Two papers on network management, entitled “Taming policy complexity: Model to execution” and “5G Networks Must Be Autonomic!” have been accepted for presentation at the IEEE/IFIP NOMS conference in Taipei. The first paper discusses a formal universal policy model for policy-based management that separates invariant parts from variant parts, while the second one presents a conceptual approach for modeling and achieving autonomic operations and management in 5G networks. Congratulations to the Ericsson ARCFIRE team!!
Abstract (Taming policy complexity: Model to execution)
Since the 1970’s it has been acknowledged that a complex system can be broken into (a) its invariant functional parts (mechanism), and (b) the externalized choices for how the system should behave (policy). Policy-based management’s main objective is to separate and externalize the decisions required by a system from the mechanisms provided by the system, and provide a way to define and evaluate these decisions.

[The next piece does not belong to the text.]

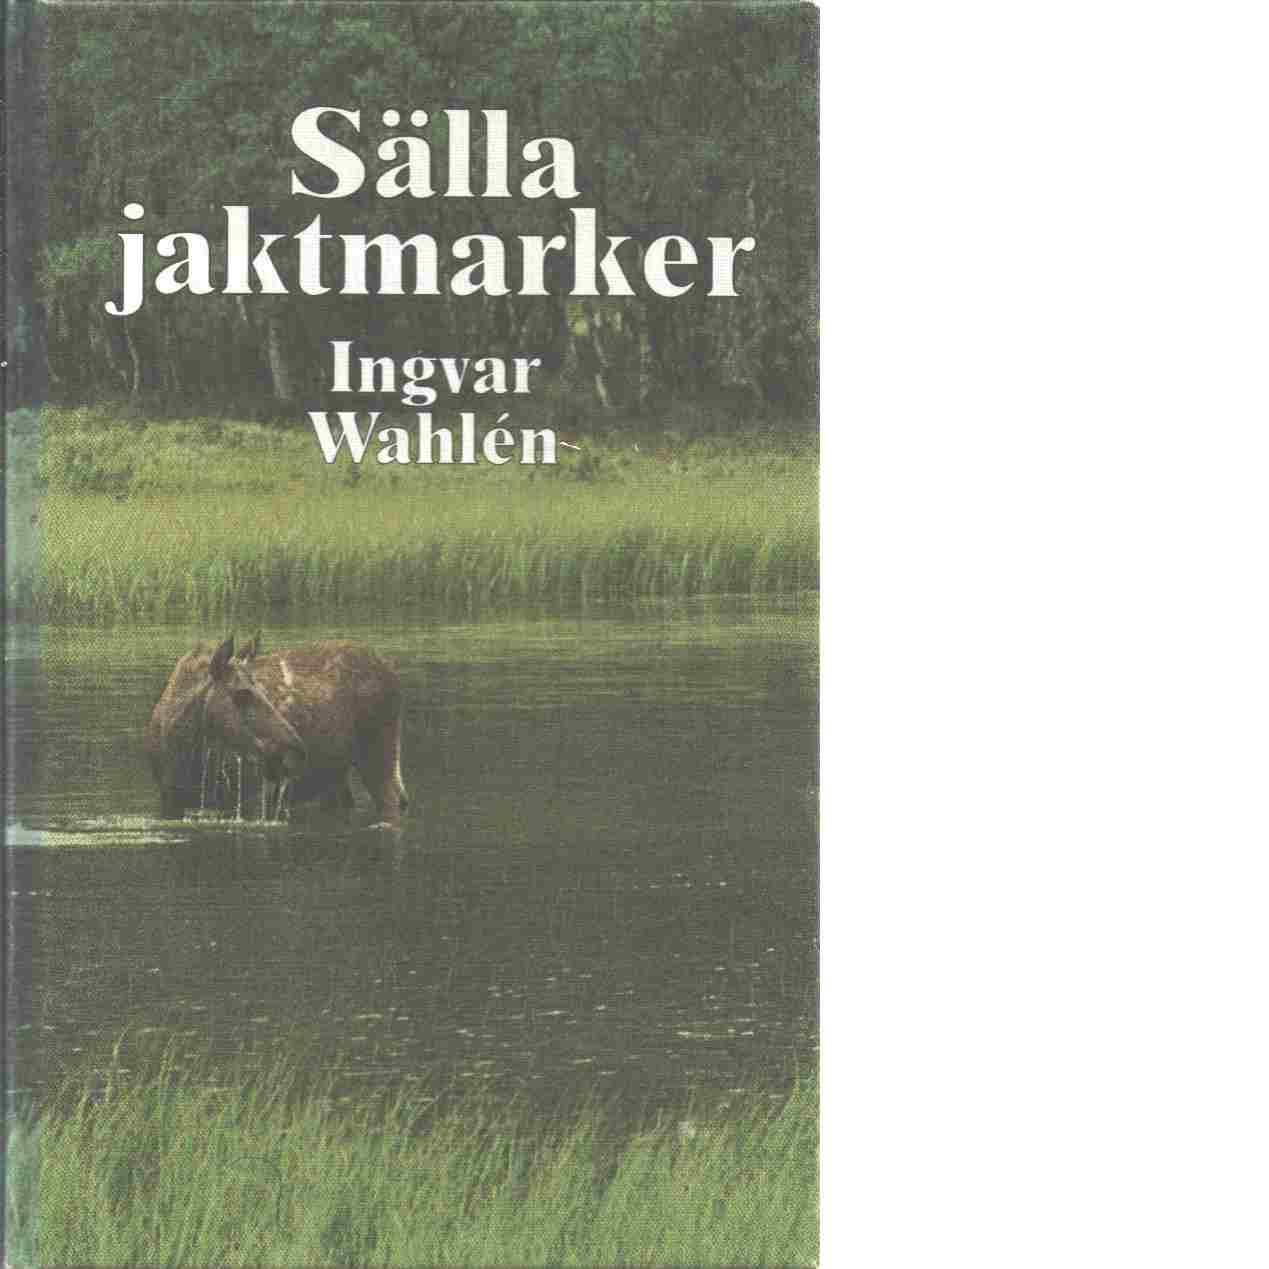 Sälla jaktmarker - Wahlén, Ingvar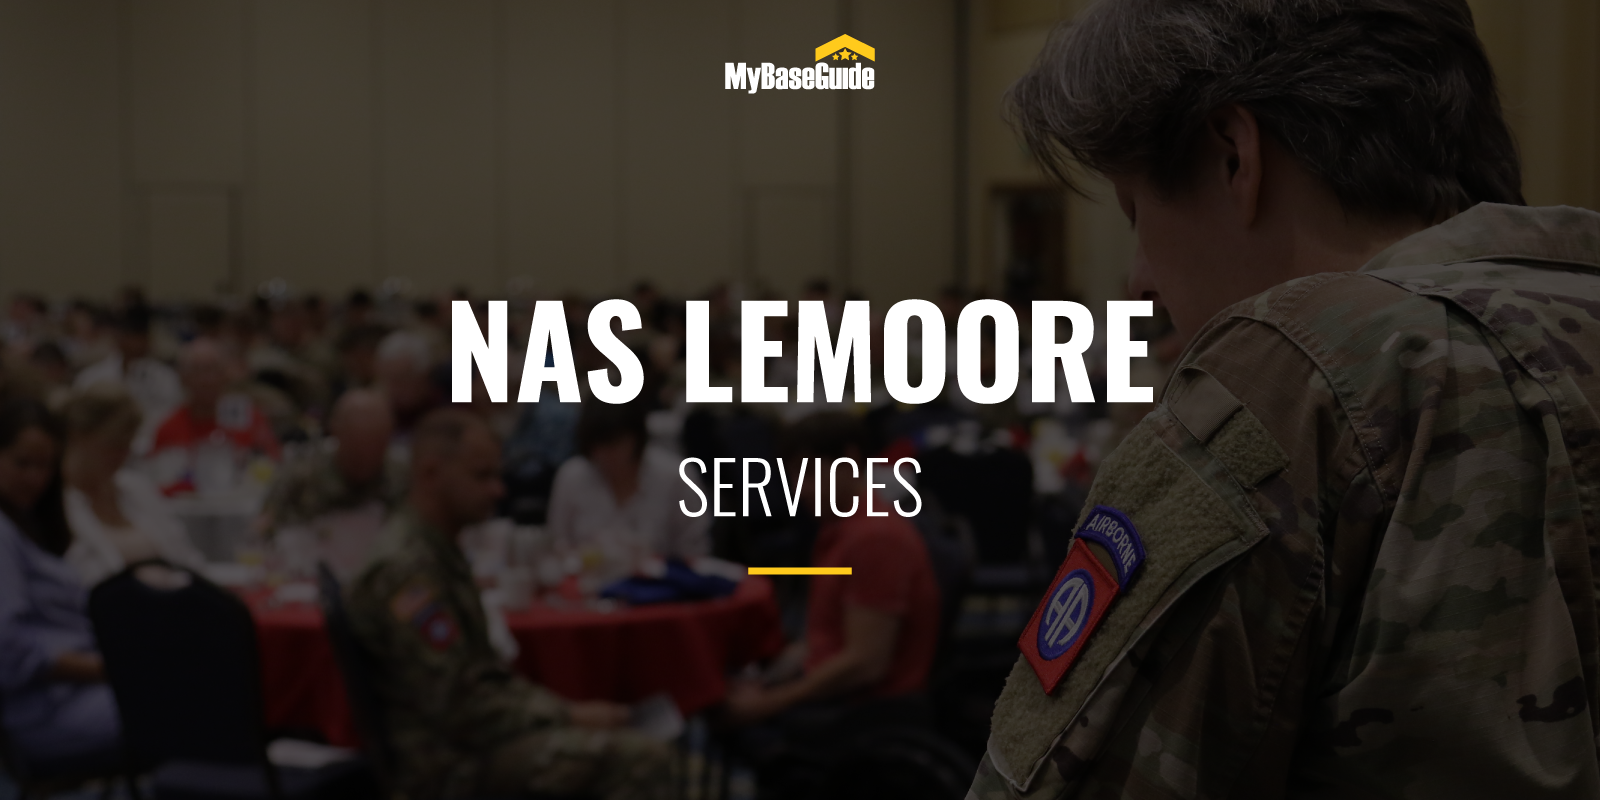 NAS Lemoore Services

A few decades later, we have today a plethora of different policy models and even more policy languages – plus tooling – offering policy-based solutions for virtually any use case and scenario. However, policy-based management as a standalone domain has never been evaluated in terms of which parts are variant / invariant, i.e. which parts of policy-based management can be domain-, model-, language-, usecase-independent. In this paper, we introduce and define a formal universal policy model that does exactly that. The result is a model that can be used to design, implement, and deploy immutable policy infrastructure (engine and executor) being able to execute (virtually) any policy model.
Abstract (5G Networks must be Autonomic!)
5G networks will be the first real converged networks supporting a plethora of different services, each with their own requirements. A static best-effort approach is no longer sufficient. Extreme flexibility and dynamicity is required, yet costs must be drastically reduced. The only way that these conflicting goals can be achieved is with vastly increased automation in the provision and operation of our future 5G networks. In this paper we briefly discuss the facilitators, goals and challenges for 5G networks. We identify some of the places where automation is not just helpful, but is in fact required for 5G to become a reality. We go on to present a conceptual approach for modeling and achieving autonomic operations and management in 5G networks positioning modern policy-based management as a key enabler for autonomic 5G network management.